--- START ---
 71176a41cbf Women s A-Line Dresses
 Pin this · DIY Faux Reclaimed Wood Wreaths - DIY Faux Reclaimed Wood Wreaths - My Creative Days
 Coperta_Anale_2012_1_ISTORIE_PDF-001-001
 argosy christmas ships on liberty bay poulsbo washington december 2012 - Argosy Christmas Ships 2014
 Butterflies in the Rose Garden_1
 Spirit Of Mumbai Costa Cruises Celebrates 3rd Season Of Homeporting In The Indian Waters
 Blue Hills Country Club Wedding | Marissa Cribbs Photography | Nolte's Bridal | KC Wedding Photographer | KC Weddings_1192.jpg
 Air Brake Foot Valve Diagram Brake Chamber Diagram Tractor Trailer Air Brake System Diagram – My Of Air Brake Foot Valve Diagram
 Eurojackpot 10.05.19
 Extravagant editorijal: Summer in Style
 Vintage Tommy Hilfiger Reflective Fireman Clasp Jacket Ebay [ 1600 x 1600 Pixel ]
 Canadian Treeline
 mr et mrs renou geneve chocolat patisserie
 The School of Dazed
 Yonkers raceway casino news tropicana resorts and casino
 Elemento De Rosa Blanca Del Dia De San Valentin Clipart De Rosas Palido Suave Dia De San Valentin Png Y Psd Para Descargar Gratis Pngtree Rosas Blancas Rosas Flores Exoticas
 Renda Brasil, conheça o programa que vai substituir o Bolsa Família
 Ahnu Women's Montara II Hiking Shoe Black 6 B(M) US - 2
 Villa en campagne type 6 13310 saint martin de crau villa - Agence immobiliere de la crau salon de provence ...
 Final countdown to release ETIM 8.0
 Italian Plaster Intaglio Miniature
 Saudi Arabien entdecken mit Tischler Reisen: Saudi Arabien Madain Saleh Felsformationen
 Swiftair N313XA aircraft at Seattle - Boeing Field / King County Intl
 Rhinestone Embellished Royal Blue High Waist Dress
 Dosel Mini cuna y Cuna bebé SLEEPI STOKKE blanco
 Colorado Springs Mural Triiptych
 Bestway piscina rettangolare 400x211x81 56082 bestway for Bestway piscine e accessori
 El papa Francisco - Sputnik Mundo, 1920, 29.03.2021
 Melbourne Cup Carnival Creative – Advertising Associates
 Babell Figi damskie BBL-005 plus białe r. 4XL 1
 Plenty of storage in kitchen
--- END ---
### What you have to do
Repeat the data word for word, leaving out no line.

### Response below
 71176a41cbf Women s A-Line Dresses
 Pin this · DIY Faux Reclaimed Wood Wreaths - DIY Faux Reclaimed Wood Wreaths - My Creative Days
 Coperta_Anale_2012_1_ISTORIE_PDF-001-001
 argosy christmas ships on liberty bay poulsbo washington december 2012 - Argosy Christmas Ships 2014
 Butterflies in the Rose Garden_1
 Spirit Of Mumbai Costa Cruises Celebrates 3rd Season Of Homeporting In The Indian Waters
 Blue Hills Country Club Wedding | Marissa Cribbs Photography | Nolte's Bridal | KC Wedding Photographer | KC Weddings_1192.jpg
 Air Brake Foot Valve Diagram Brake Chamber Diagram Tractor Trailer Air Brake System Diagram – My Of Air Brake Foot Valve Diagram
 Eurojackpot 10.05.19
 Extravagant editorijal: Summer in Style
 Vintage Tommy Hilfiger Reflective Fireman Clasp Jacket Ebay [ 1600 x 1600 Pixel ]
 Canadian Treeline
 mr et mrs renou geneve chocolat patisserie
 The School of Dazed
 Yonkers raceway casino news tropicana resorts and casino
 Elemento De Rosa Blanca Del Dia De San Valentin Clipart De Rosas Palido Suave Dia De San Valentin Png Y Psd Para Descargar Gratis Pngtree Rosas Blancas Rosas Flores Exoticas
 Renda Brasil, conheça o programa que vai substituir o Bolsa Família
 Ahnu Women's Montara II Hiking Shoe Black 6 B(M) US - 2
 Villa en campagne type 6 13310 saint martin de crau villa - Agence immobiliere de la crau salon de provence ...
 Final countdown to release ETIM 8.0
 Italian Plaster Intaglio Miniature
 Saudi Arabien entdecken mit Tischler Reisen: Saudi Arabien Madain Saleh Felsformationen
 Swiftair N313XA aircraft at Seattle - Boeing Field / King County Intl
 Rhinestone Embellished Royal Blue High Waist Dress
 Dosel Mini cuna y Cuna bebé SLEEPI STOKKE blanco
 Colorado Springs Mural Triiptych
 Bestway piscina rettangolare 400x211x81 56082 bestway for Bestway piscine e accessori
 El papa Francisco - Sputnik Mundo, 1920, 29.03.2021
 Melbourne Cup Carnival Creative – Advertising Associates
 Babell Figi damskie BBL-005 plus białe r. 4XL 1
 Plenty of storage in kitchen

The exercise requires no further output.